Background information
- Origin: Lewisham, London, England
- Genres: Alternative rock; riot grrrl; folk-pop; art-punk;
- Years active: 1990–1998; 2005; 2010;
- Label: Ultimate Recording Company
- Past members: Claire Lemmon; Gayl Harrison; Melanie Woods; Lee Howton;
- Website: anyware.co.uk/sbs

= Sidi Bou Said (band) =

English alternative rock band

Sidi Bou Said (Note: Pronounced "Siddy Boo Sigh", according to The Encyclopedia of Popular Music.) were a British rock band formed in 1990 by Claire Lemmon (guitar and vocals), Lee Howton (guitar and vocals), Gayl Harrison (bass guitar) and Melanie Woods (drums and vocals). Their music combined an indie rock/folk sound with complex arrangements and literate lyrics. They were often compared to Throwing Muses and the Pixies, with whom they shared a taste for sometimes uncomfortable lyrical themes—murder, religion, the workings of the human body and surrealist stories and films. Their name comes from a town in Tunisia.

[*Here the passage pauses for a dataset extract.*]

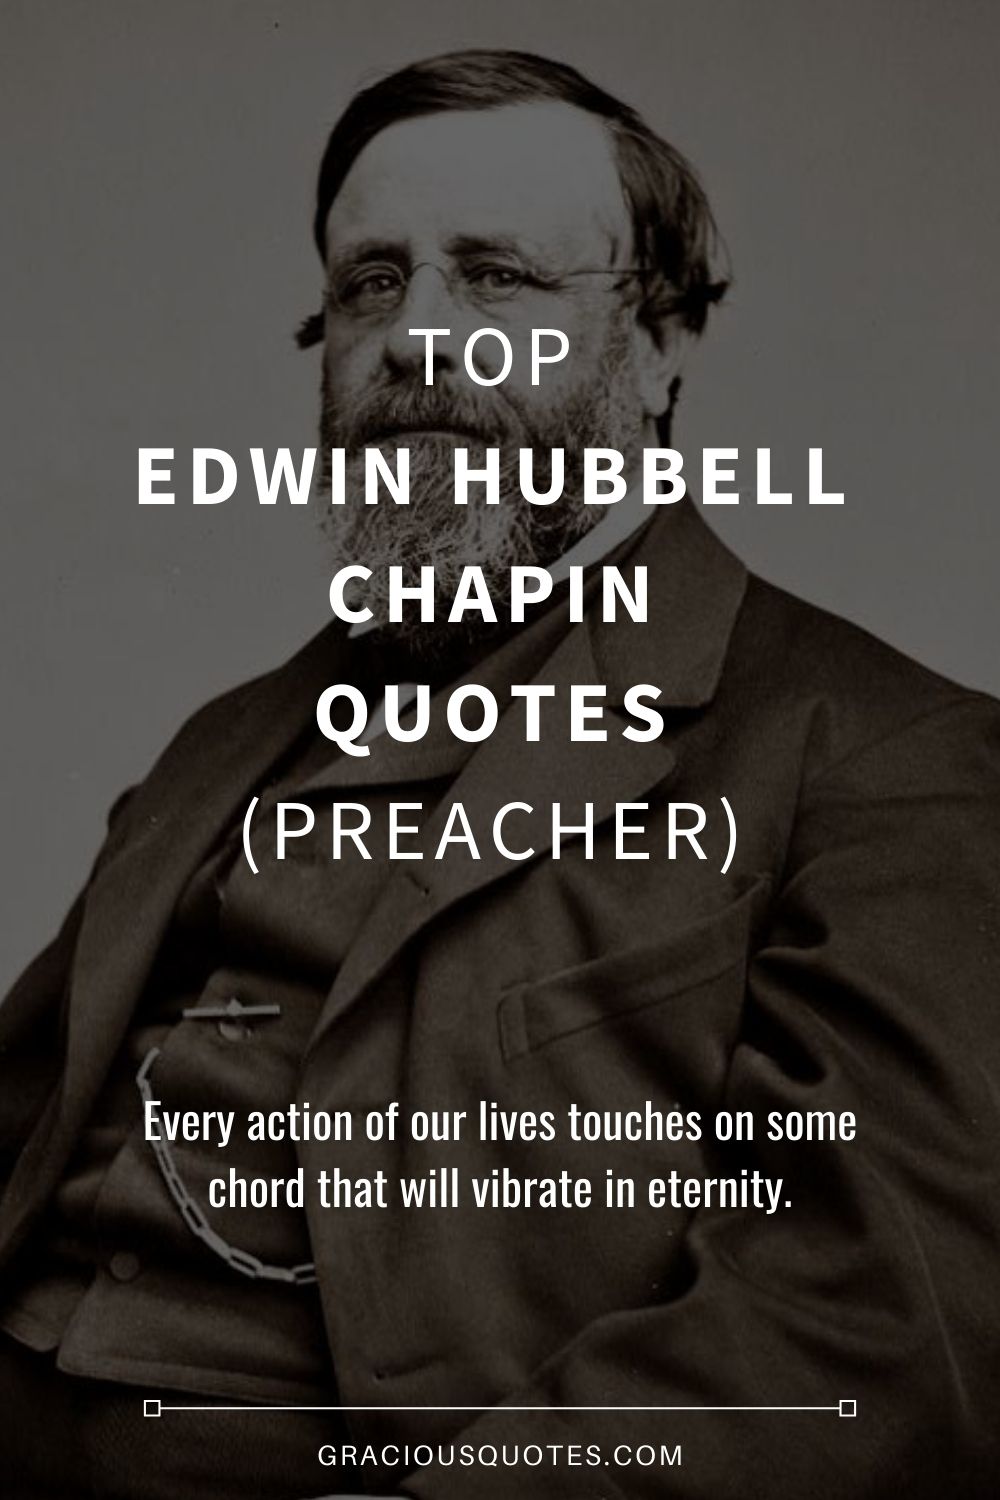 Top Edwin Hubbell Chapin Quotes (PREACHER) - Gracious Quotes

Sidi Bou Said's debut album was produced by Tim Friese-Greene. Their next two albums were produced by members of Cardiacs, and they were regular contributors to their stage shows and recordings. In 2001, they briefly reformed, with an additional guitarist under the name Tetra, and played a one-off reunion gig as Sidi Bou Said on 15 December 2005 at The Water Rats, London.

== History ==

Sidi Bou Said was formed in 1990 by guitarist and vocalist Claire Lemmon, guitarist and vocalist Lee Howton, bass guitarist Gayl Harrison and drummer and vocalist Melanie Woods. Howton left the band in summer 1994. All four women are from south-east London, England. Their name comes from a town in Tunisia.

In 1993, Sidi Bou Said's first single, "Twilight Eyes" was released with a music video for MTV. On 1 November 1993, Sidi Bou Said released their debut album, Broooch, recorded at Chapel Studios and Ed's Plaice. It was produced by Tim Friese-Greene, described by AllMusic as "among the most innovative — albeit underrecognized — producers of his era". Tim Friese-Greene and Lee Howton later became a couple, marrying in 2004 with Lee becoming Lee Friese-Greene.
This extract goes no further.